A vector space is a mathematical structure that consists of a set of vectors and operations that can be performed on those vectors. These operations include addition, scalar multiplication, and a zero vector.
The purpose of notation for representing vector spaces is to provide a concise and standardized way to express the elements and operations of a vector space. This notation allows for easy communication and manipulation of vector space concepts and calculations.
The most common symbols used in vector space notation include a bold lowercase letter for a vector (e.g. v), a bold uppercase letter for a matrix (e.g.
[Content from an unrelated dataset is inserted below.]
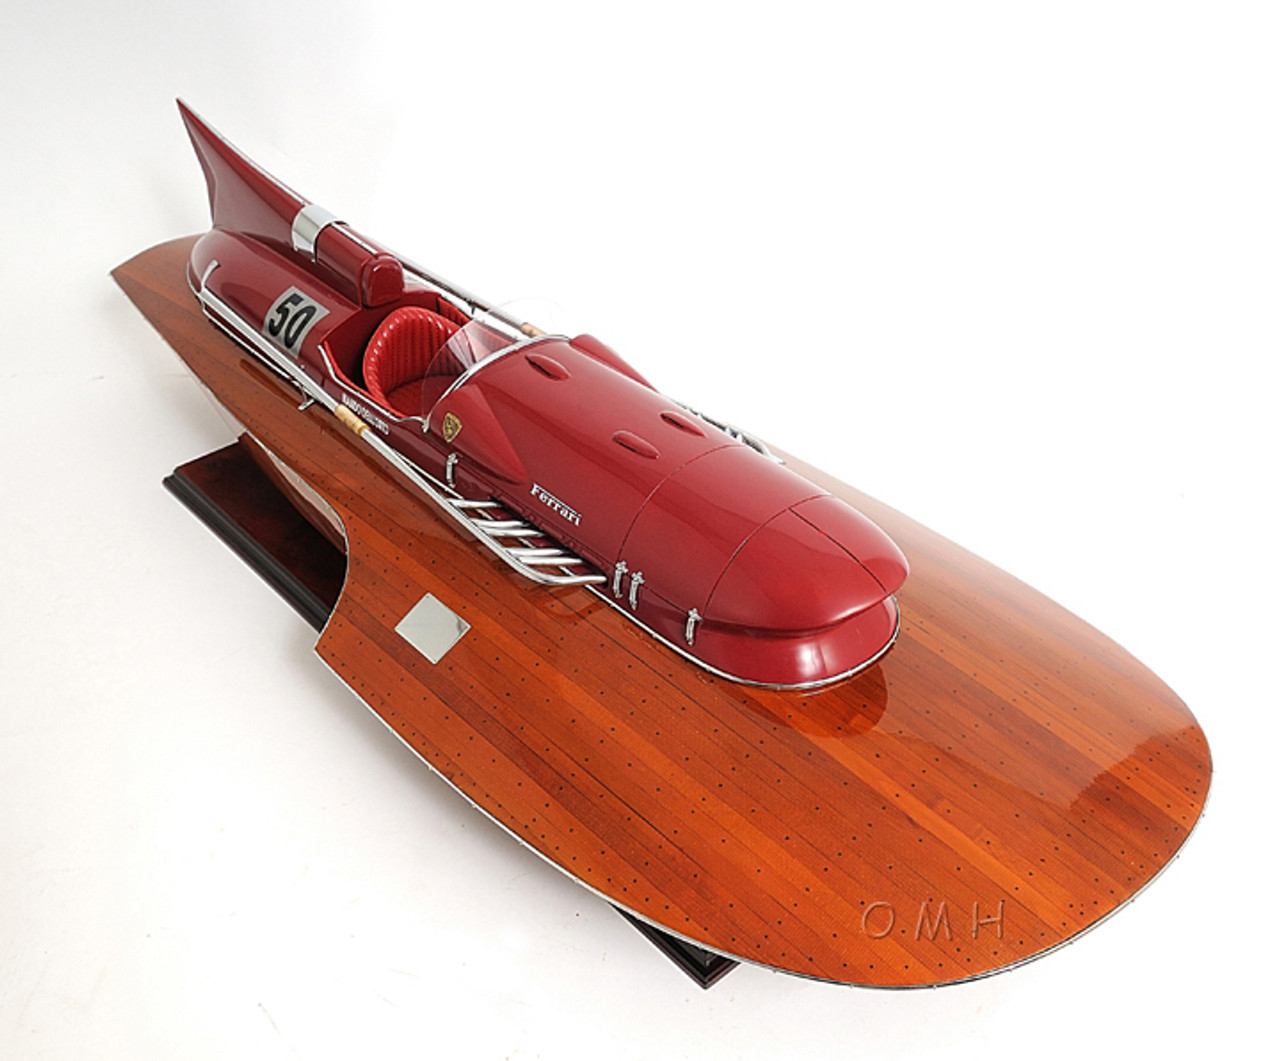 RC Ferrari Arno XI Hydroplane Speed Boat Model

A), and Greek letters for scalars (e.g. α). Other symbols may also be used to represent specific operations, such as the dot product (·) and cross product (×).
Vector spaces can be represented using matrices by choosing a basis for the vector space and expressing each vector in terms of that basis. The basis vectors are then written as columns in a matrix, with the coefficients of each vector written as entries in the corresponding column. This matrix is known as the coordinate matrix or representation matrix.
In vector space notation, a vector usually refers to a single element of the vector space, while a matrix refers to a collection of vectors. A vector can be thought of as a 1-dimensional matrix, while a matrix can be thought of as a higher-dimensional collection of vectors. Additionally, different operations may be performed on vectors and matrices in vector space notation.